> **Exercise data**
__________________________________________________

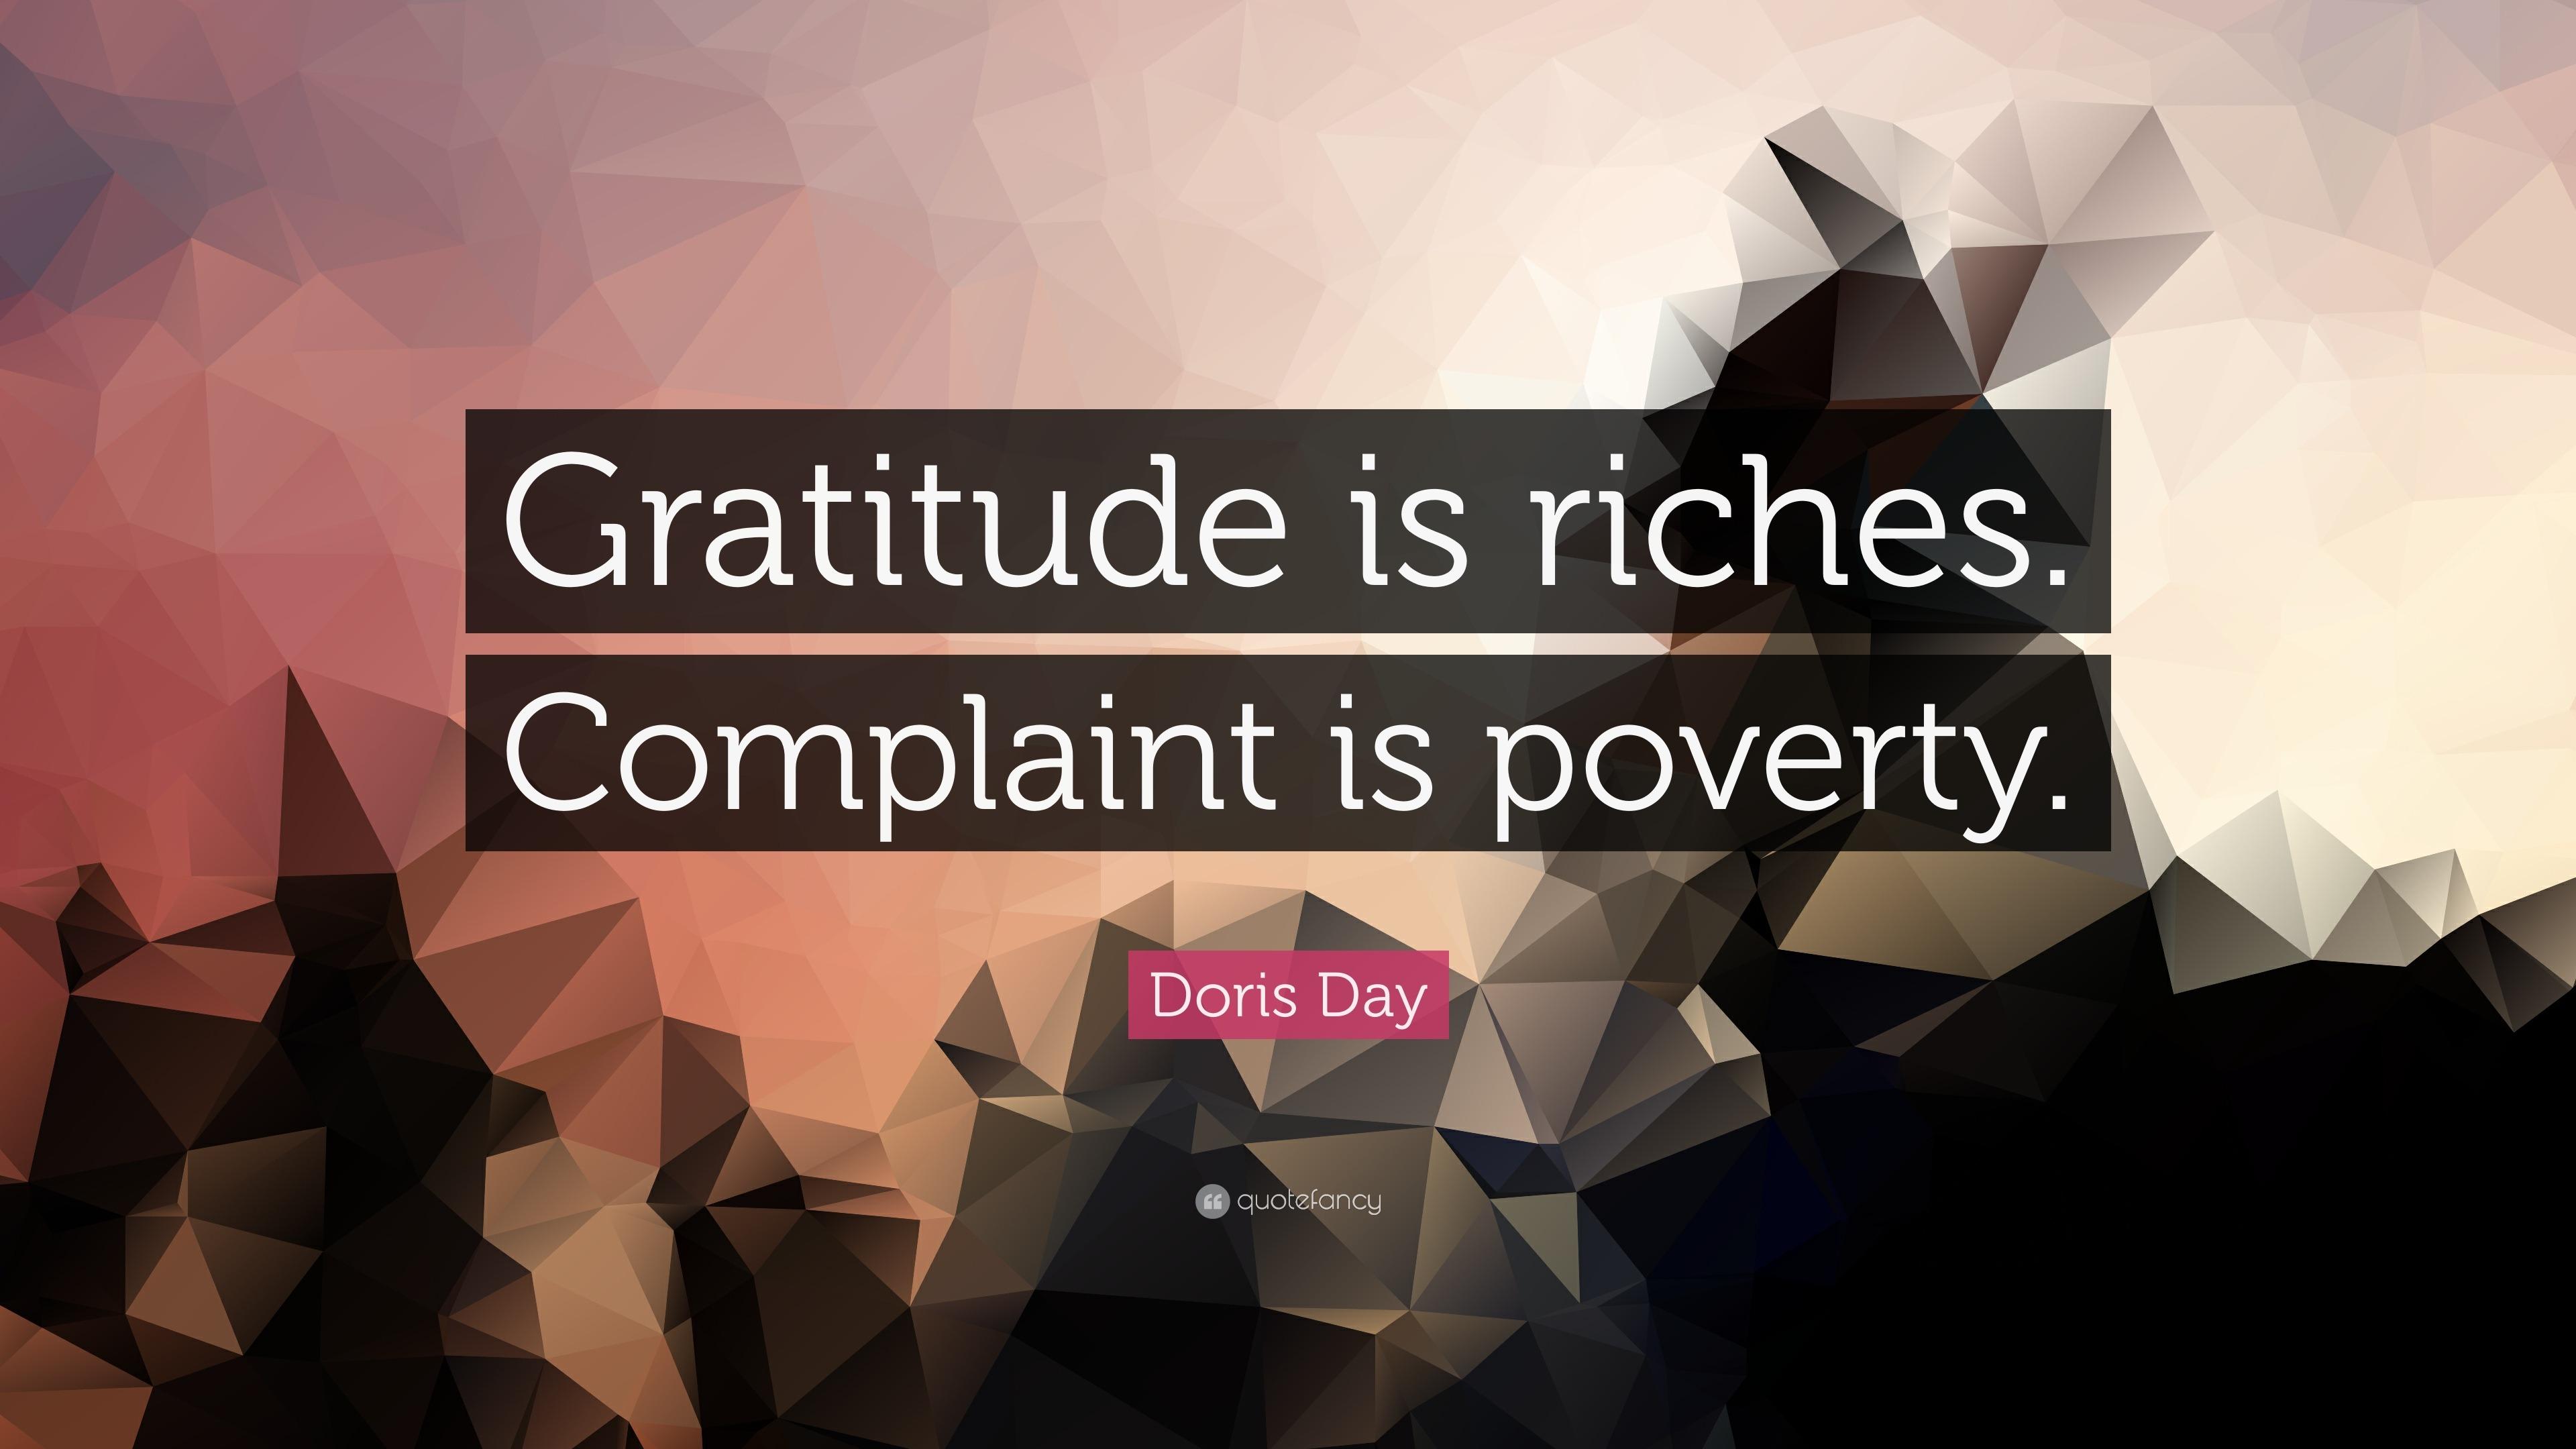 Gratitude Quotes: U201cGratitude Is Riches. Complaint Is Poverty.u201d U2014 Doris Day
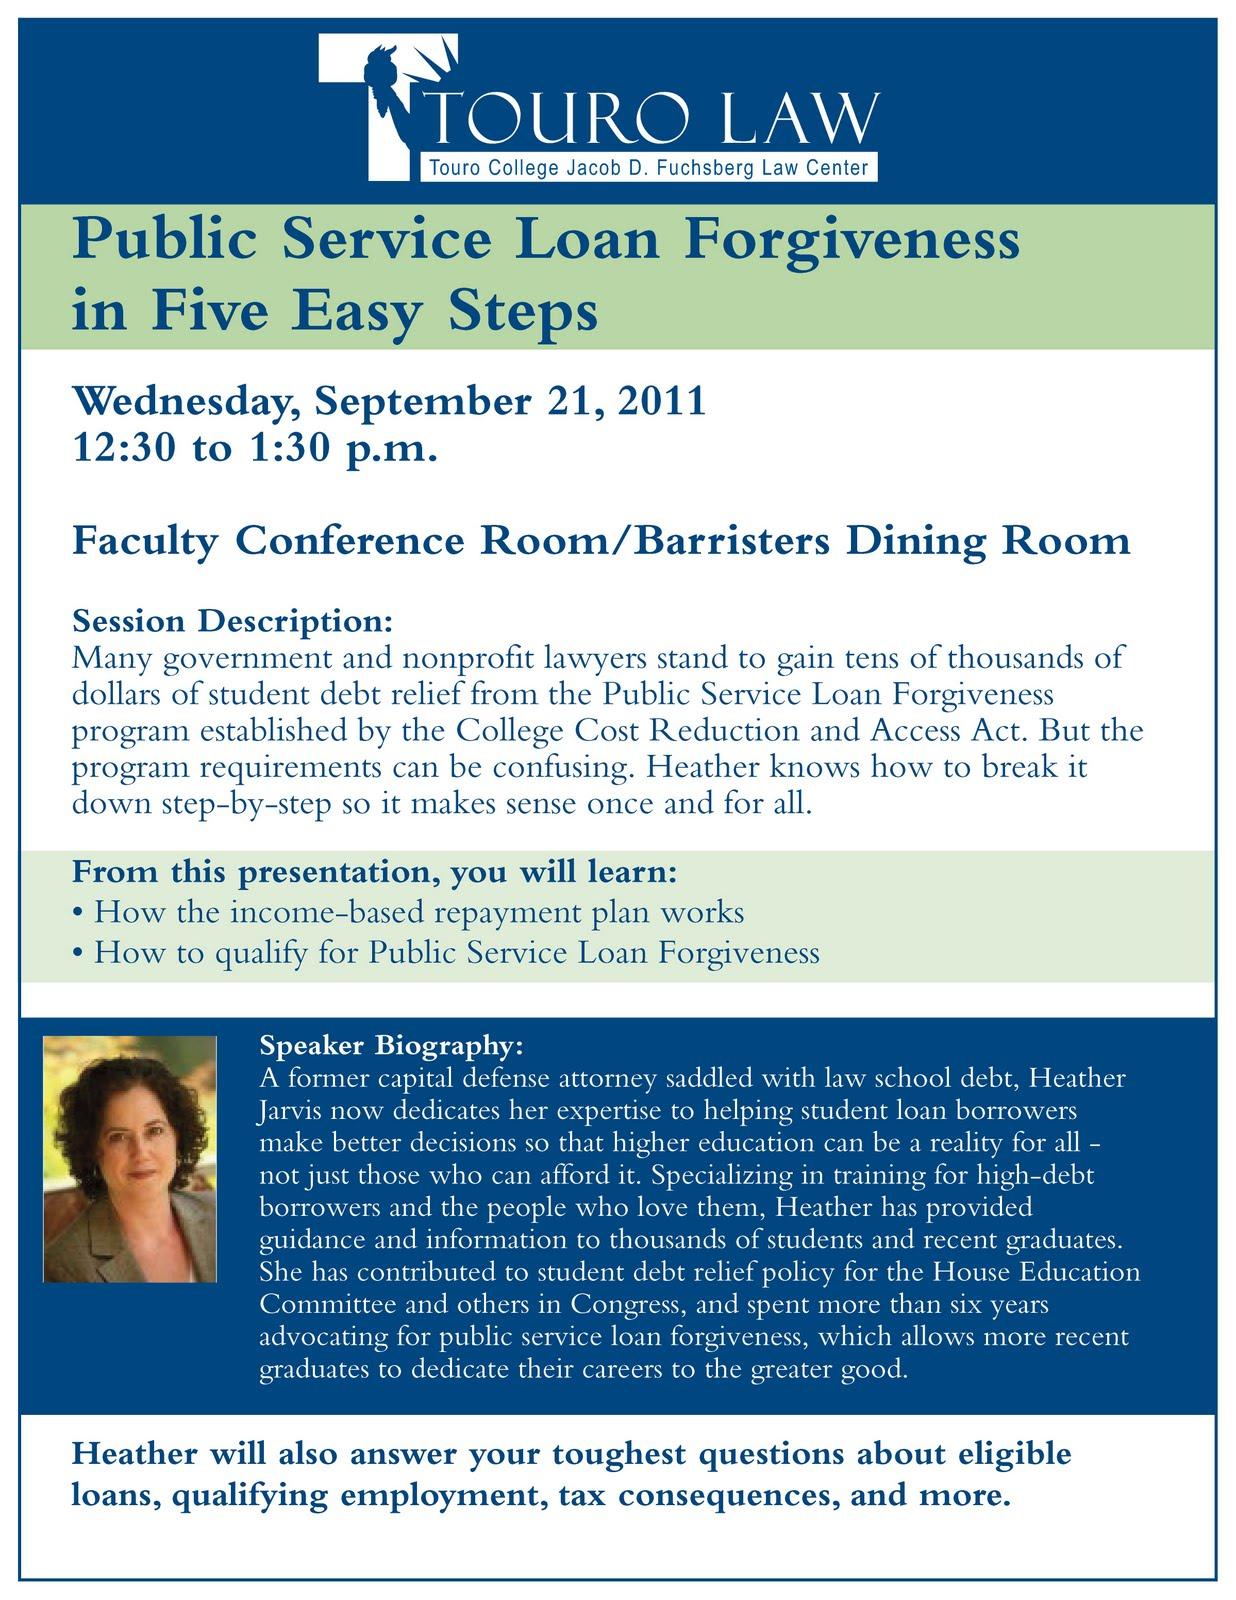 Touro Law CenterCareer Services Office Blog: Program: Public Service Loan Forgiveness in Five ...
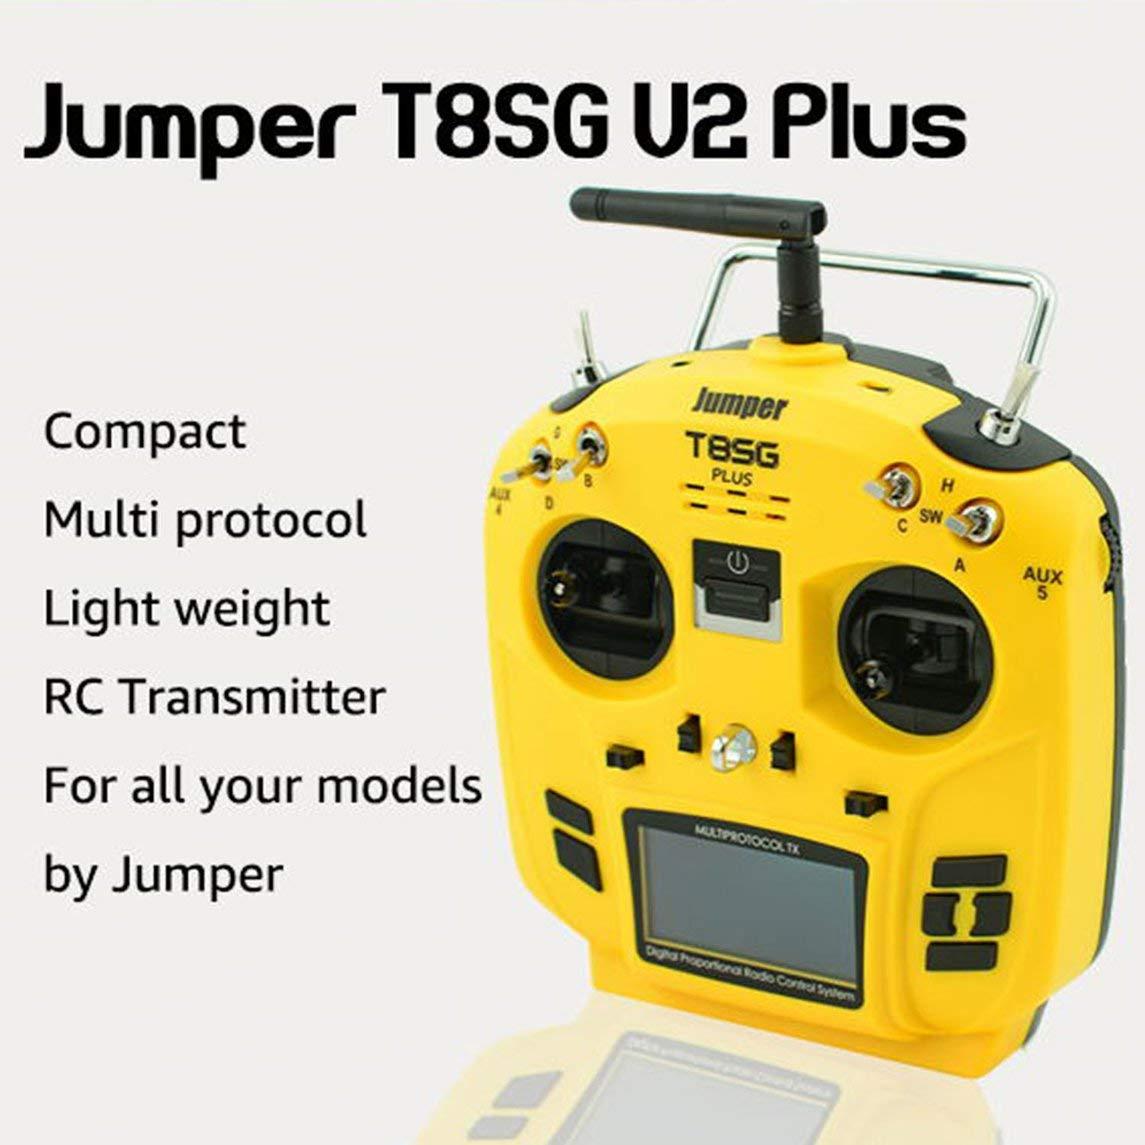 Footprintse T8SG Jumper V2 / V2.0 Plus/Erweiterte Multi-Protokoll 12CH Compact Transmitter-Farbe:Gelb Schwarz

__________________________________________________

> **Required action**
Once the pictures are set aside, give the rest of the listing again exactly.

> **Reply to the task**
 Gratitude Quotes: U201cGratitude Is Riches. Complaint Is Poverty.u201d U2014 Doris Day
 Touro Law CenterCareer Services Office Blog: Program: Public Service Loan Forgiveness in Five ...
 Footprintse T8SG Jumper V2 / V2.0 Plus/Erweiterte Multi-Protokoll 12CH Compact Transmitter-Farbe:Gelb Schwarz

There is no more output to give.